In the following paper, https://arxiv.org/abs/1205.0310, at page 4, equation (3) they derive that the Laplace Transformation of $w$ is the following
$$\mathbb{E}[e^{-wt}]=\prod_{i=1}^{t}(1+\frac{t}{2\pi^{2}(k-1/2)^{2}})^{-b}=\frac{1}{\cosh^{b}(\sqrt{t/2})},$$
where in the last equality they used the Weierstrass Factorization Theorem.
Does anyone know why the product appears in the Laplace Transformation, and overall how they derived the Laplace form??
I made an attempt which seems to be close to what they derived.

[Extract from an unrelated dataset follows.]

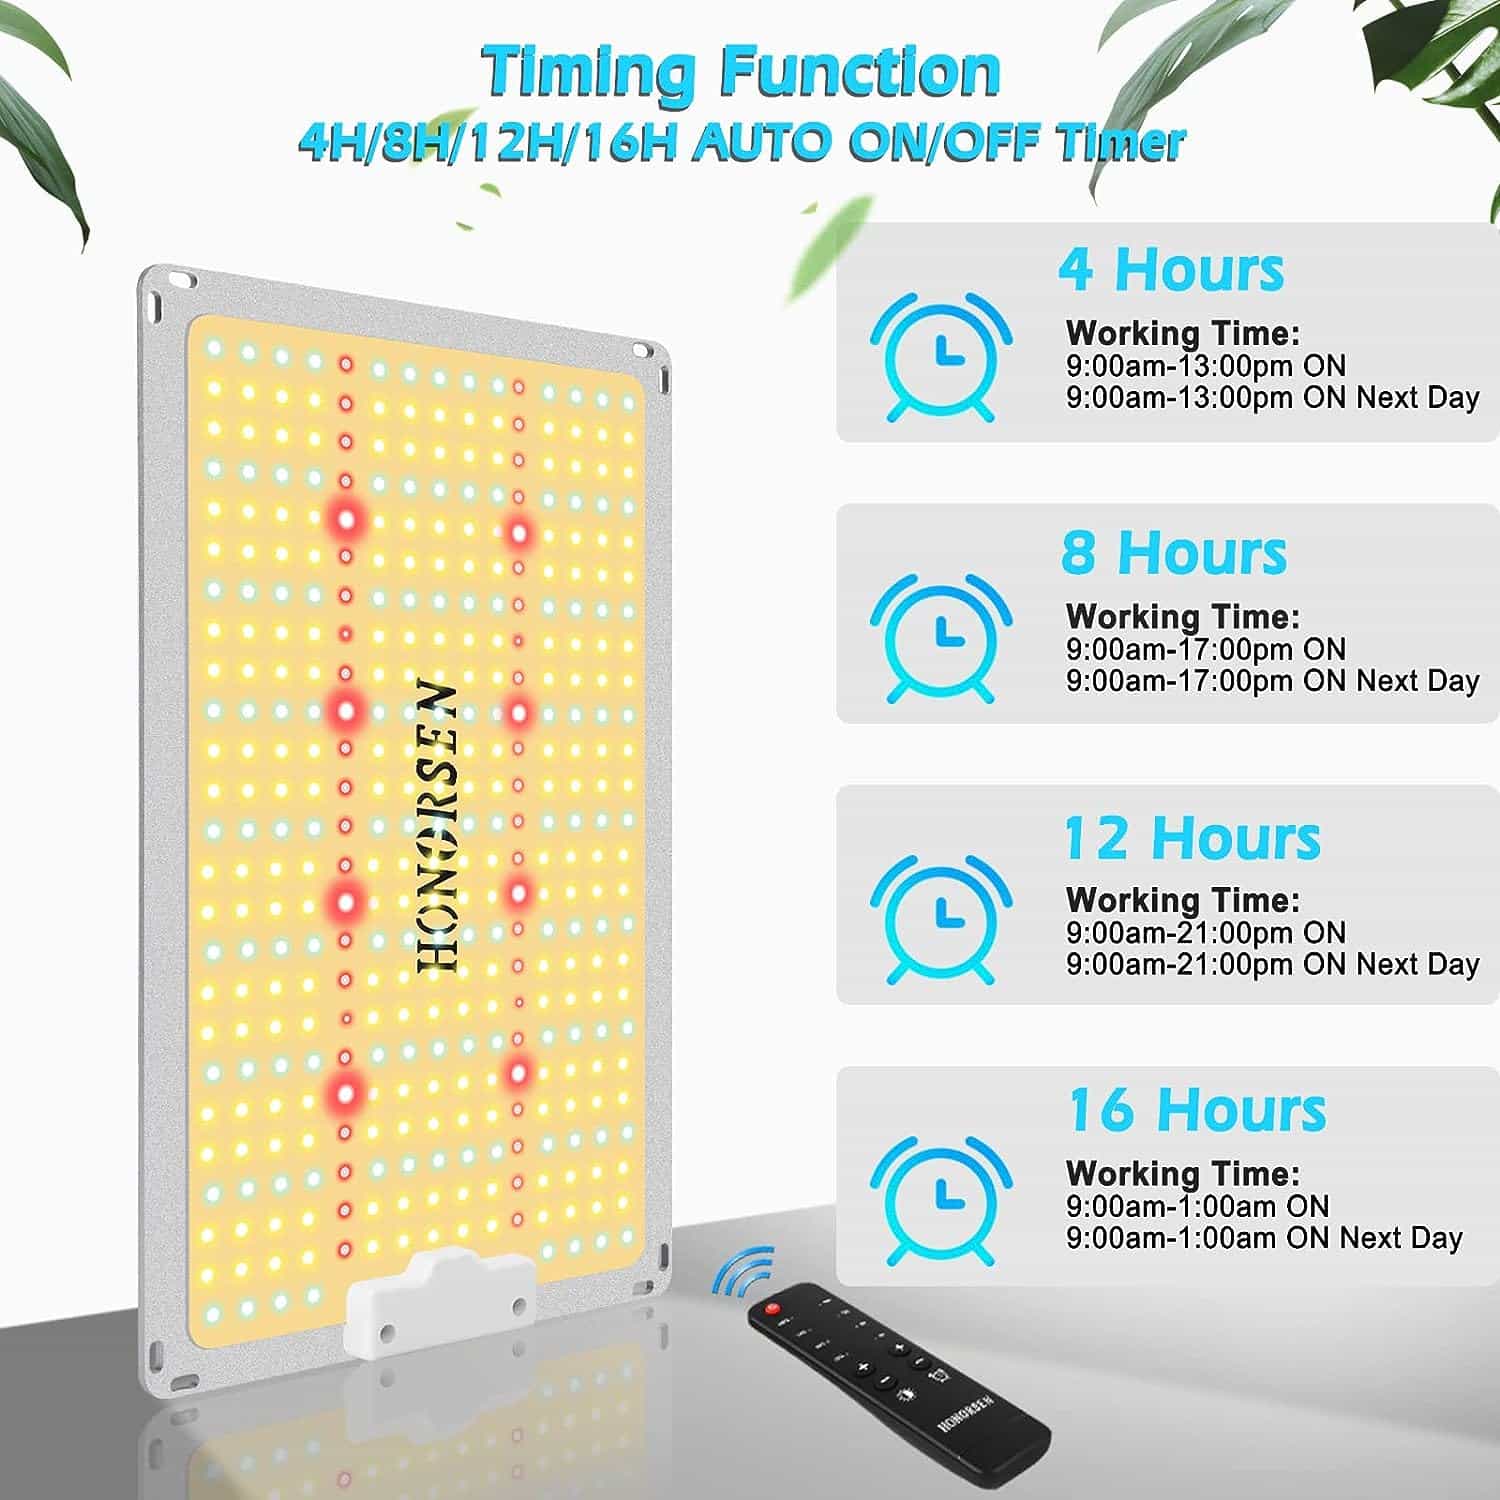 HONORSEN 1000W LED Grow Light Full Spectrum 3x3ft Coverage Remote Control Dimmable Grow Lamps with Timer Plant Light for Hydroponic Indoor Plants Veg and Flower (368Pcs LEDs)
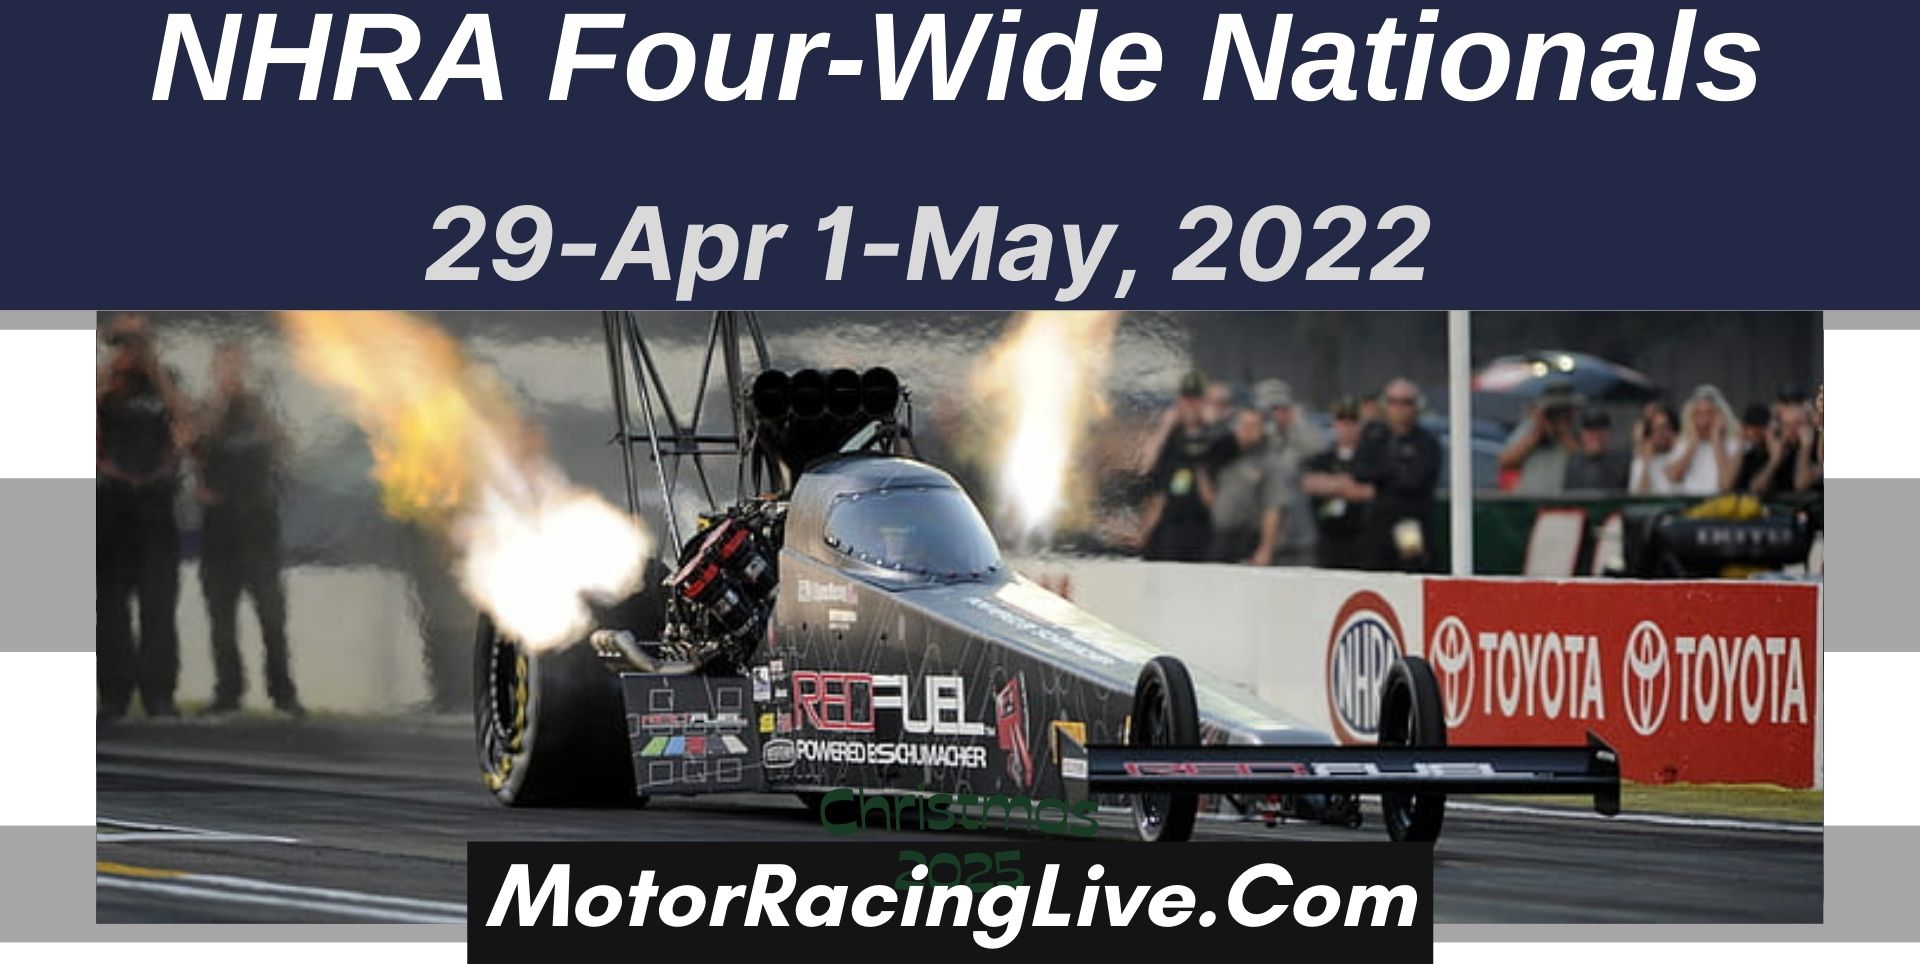 NHRA Four-Wide Nationals 2022 Live Streaming

First, I define as $c_{k}=\frac{1}{2\pi^{2}(k-1/2)^{2}}$. Hence, the Laplace Transformation can be expressed as
$$\mathbb{E}[e^{-wt}]=\mathbb{E}[e^{-\sum_{k=1}^{\infty}c_{k}g_{k}}]$$ because $g_{k}$ are mutually independet I can write
$$=\mathbb{E}[e^{-c_{1}g_{1}}]\mathbb{E}[e^{-c_{2}g_{2}}]...\mathbb{E}[e^{-c_{k}g_{k}}]...=(1+c_{1}t)^{-b}(1+c_{2}t)^{-b}...(1+c_{k}t)^{-b}...=\prod_{i=1}^{\infty}(1+c_{i}t)^{-b}$$
So, should I assume that they just truncate the infinite product to only $t$ products, and if that's the case what's the reason behind that?